Event summary combining transcript, slides, and related documents.

Logotype for Custom Truck One Source Inc

Q4 2025 earnings summary

30 Apr, 2026

Executive summary

  • Achieved record full-year 2025 revenue of $1.94B (up 8% YoY) and record Q4 revenue of $528M, driven by strong rental business, robust demand in utility and T&D markets, and improved KPIs in Equipment Rental Solutions (ERS).

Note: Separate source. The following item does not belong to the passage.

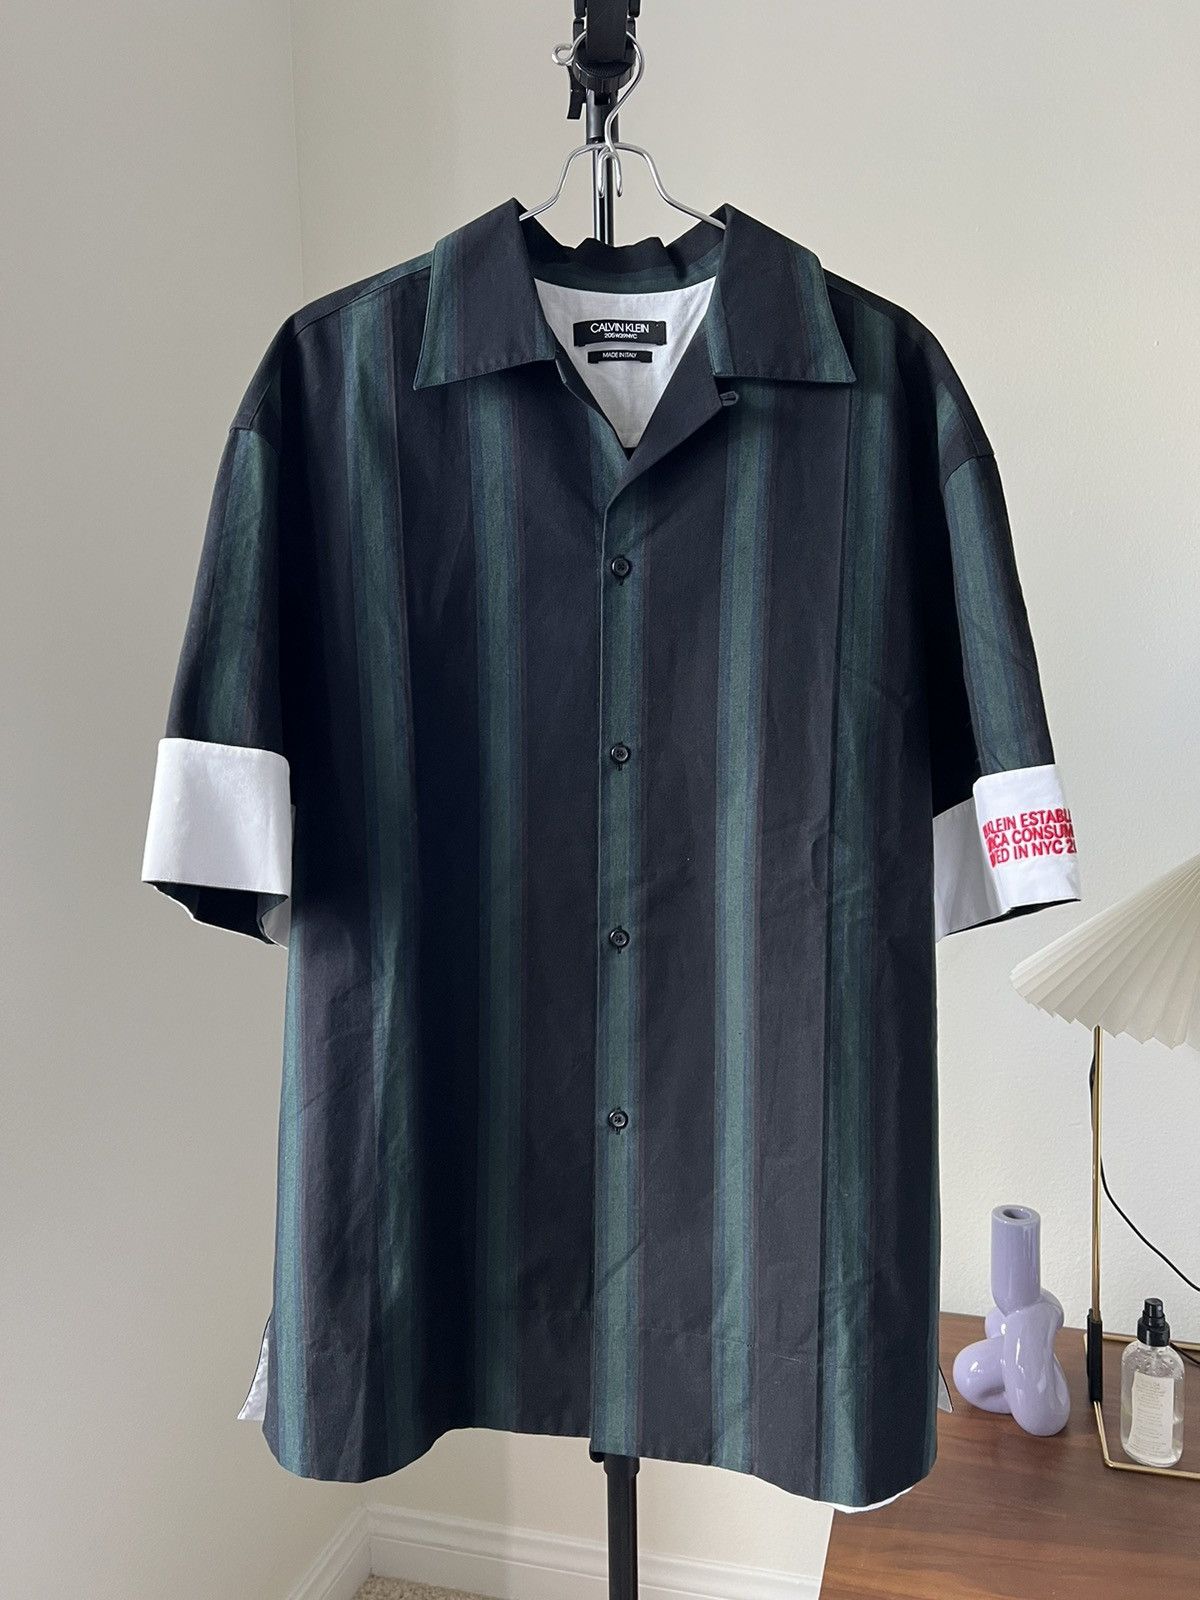 Calvin Klein 205W39NYC Faded Stripe Vacation Shirt in Dark Navy u0026 Sycamore  Marine | Grailed
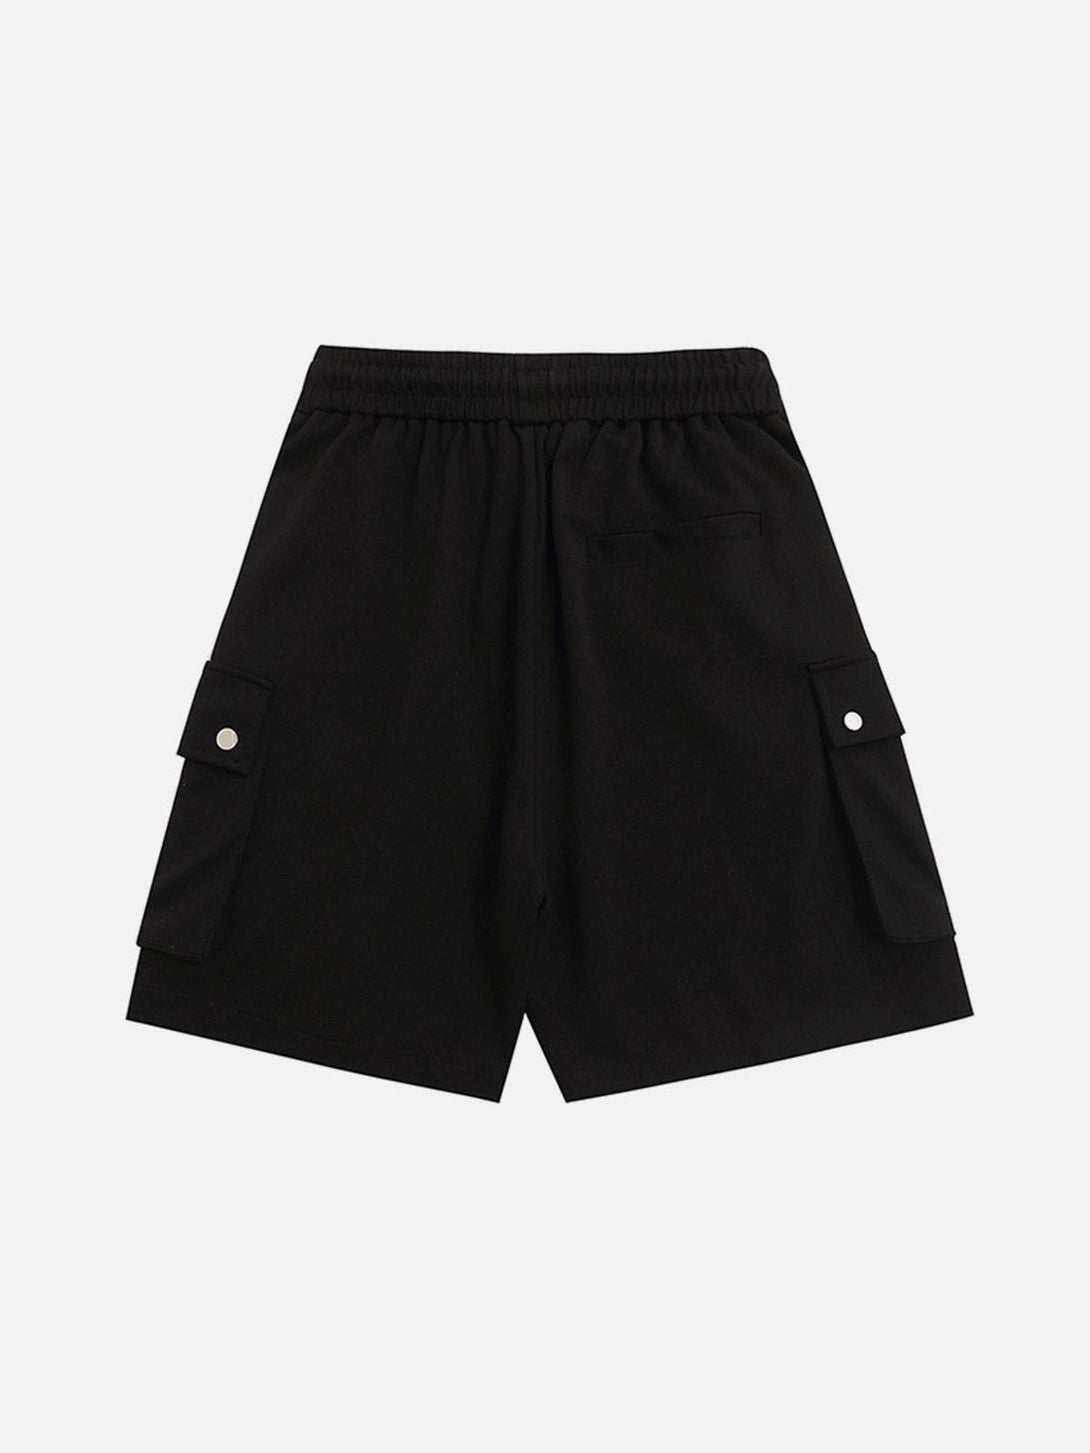 Majesda® - Large Pockets Shorts outfit ideas streetwear fashion

  • Adjusted EBITDA for Q4 was $121M (up 18% YoY); full-year Adjusted EBITDA reached $384M (up 13% YoY), reflecting robust operational execution and exceeding guidance midpoint.

  • Rental fleet utilization averaged 83.6% in Q4, the highest in nearly three years, with OEC on rent up 14% YoY.

  • Opened two new branches in Portland, OR and Orlando, FL, reinforcing growth strategy in underserved markets.

  • Announced a strategic partnership with Hiab and investments in aftermarket service to support TES growth.

Financial highlights

  • Q4 2025 revenue: $528M (up 1.4% YoY); full-year revenue: $1.94B (up 8% YoY); Q4 Adjusted EBITDA: $121M (up 18% YoY); full-year Adjusted EBITDA: $384M (up 13% YoY).

  • Q4 GAAP net income: $21M; full-year GAAP net loss: $31M, impacted by prior year sale leaseback gain.

  • ERS Q4 revenue: $207M (up 20% YoY); full-year ERS revenue up 17% YoY.

  • TES Q4 equipment sales: $284M (down 8% YoY); full-year TES revenue up 4% YoY, with Q4 gross margin at 15.6%.

  • Inventory reduced by over $100M in Q4 and nearly $120M in 2025, supporting lower working capital needs.

Outlook and guidance

  • 2026 revenue guidance: $2.005–2.12B (3–9% YoY growth); Adjusted EBITDA: $410–435M (7–13% YoY growth).

  • Segment guidance for 2026: ERS revenue $725–760M, TES $1.125–1.2B, APS $155–160M.

  • Net rental fleet investment expected at $150–170M in 2026, down from over $250M in 2025.

  • Expect to generate over $50M in levered free cash flow and reduce net leverage below 4x by year-end 2026 and below 3x by 2027.

  • ERS and TES segments expected to benefit from sustained demand and strong order flow, with TES backlog up nearly 20% in Q4.